I thought having a similarly aged son would be a good way to relate the two characters to each other, and it helped to minimise the selfish aspect of it, having these characters doing things not necessarily purely for themselves. I also wanted to illustrate the perspective that some people have, especially in the West, where they think ‘I don’t care about the planet because I’m going to die before it gets that bad’. But they need to start thinking about their kids – they are going to live in the kind of climate-impacted world that people in other continents are already living in now.

Do you think personal carbon rationing has a chance of implementation in the UK?

A more likely first step is for us to buy carbon credits from abroad, because we have this horrible English Defence League mentality of protecting our own and ‘othering’ other people. But a cap could come in, although I don’t really think an internationally mandated cap would work. People choosing to limit their own expenditure isn’t going to work either. The best solution possible would be a scientific breakthrough that swallows carbon or delivers unlimited green energy.

Do I think it’s going to happen in the UK? Probably not. We won’t do anything until we see the impact of climate breakdown on ourselves. And then it will be too late.

Is the book aimed at climate activists or climate denialists?

I actually have had a few people who, rather than being climate deniers are conspiracy theorists against the government, and have said ‘I knew this was gonna happen. They’re just thinking another way to control us, blah, blah.’

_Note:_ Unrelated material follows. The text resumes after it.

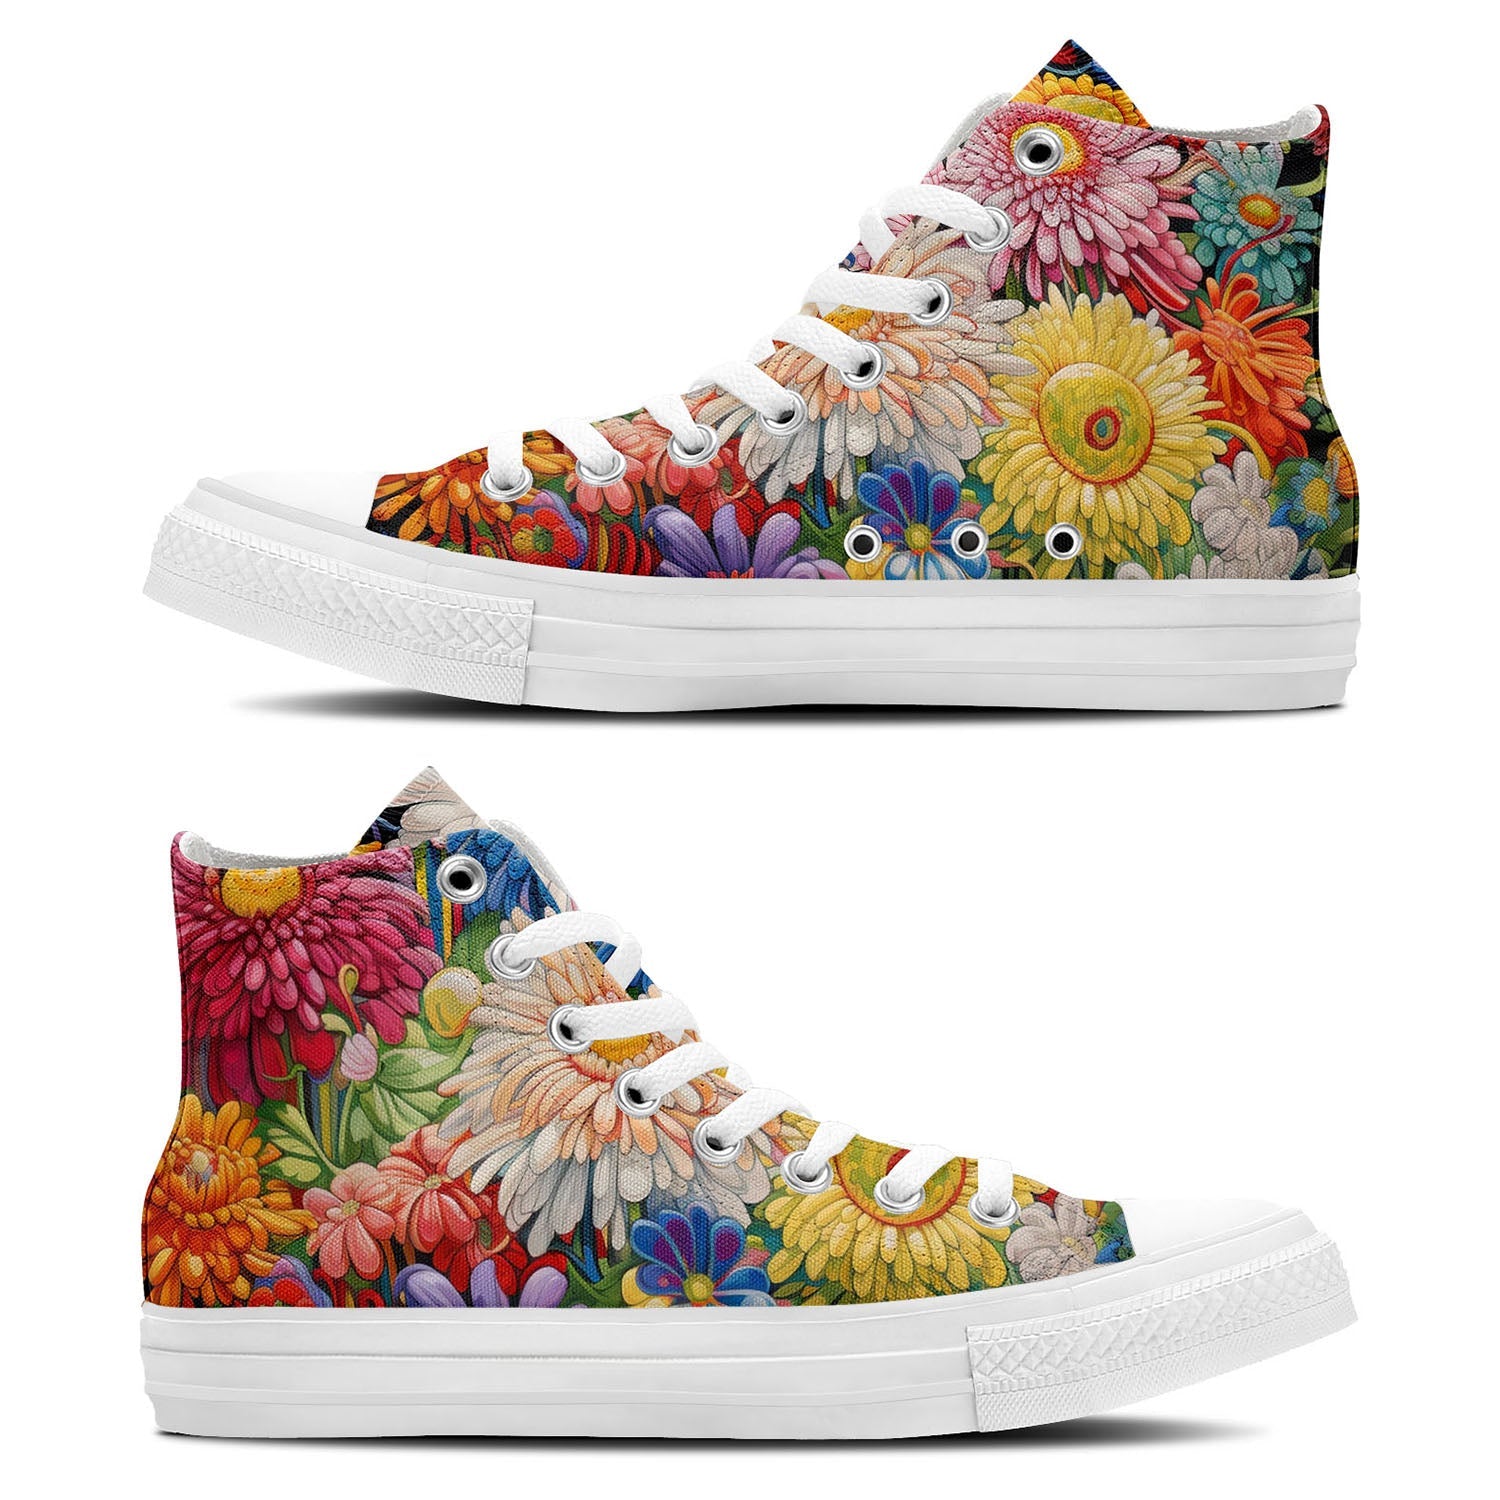 Blooms Elegance: Men and Women's Mid-Top Canvas Shoes - Elevate Your Style with Central-High Canvas Shoes Featuring the Playful Elegance of Artistic Chrysanthemum Designs

That was not the intention of this book. It was meant to be fiction. I don't think it’s turned out to be climate fiction at all – I feel like the climate aspect has been a backdrop and it became more of a social criticism. But I am not a climate denier. I hope that has come across, at least in this interview.

How do you think governments should address the climate emergency without provoking a gilet jaunes-style reaction?

There are obvious things, like not drilling for more oil in the North Sea. I also think we have a massive responsibility to accept climate-displaced migrants. I’ve been reading a lot about global migration and the massive deficit of working-age people in developed countries, and then the massive surplus of working-age people in developing countries. For some people, their homes have been completely destroyed, yet we’re not letting them in. I just think that freedom of movement could solve a lot, along with looking beyond your own doorstep. Instead of us spending loads to do little patch repairs in the UK, we should see the world as one place, because, ultimately, as the temperature goes up, it’s going to go up across the whole world. Thinking about effective use of money and time on a global scale would be better than everyone just looking in their own backyard.

How established do you think climate fiction is as its own genre?

Given that climate disaster is actually happening now, it’s an inevitable backdrop to any art or literature. Even if it’s not explicitly referenced, it’s going to be in the psyche of the artist or author. Not alluding to it is an act of omission.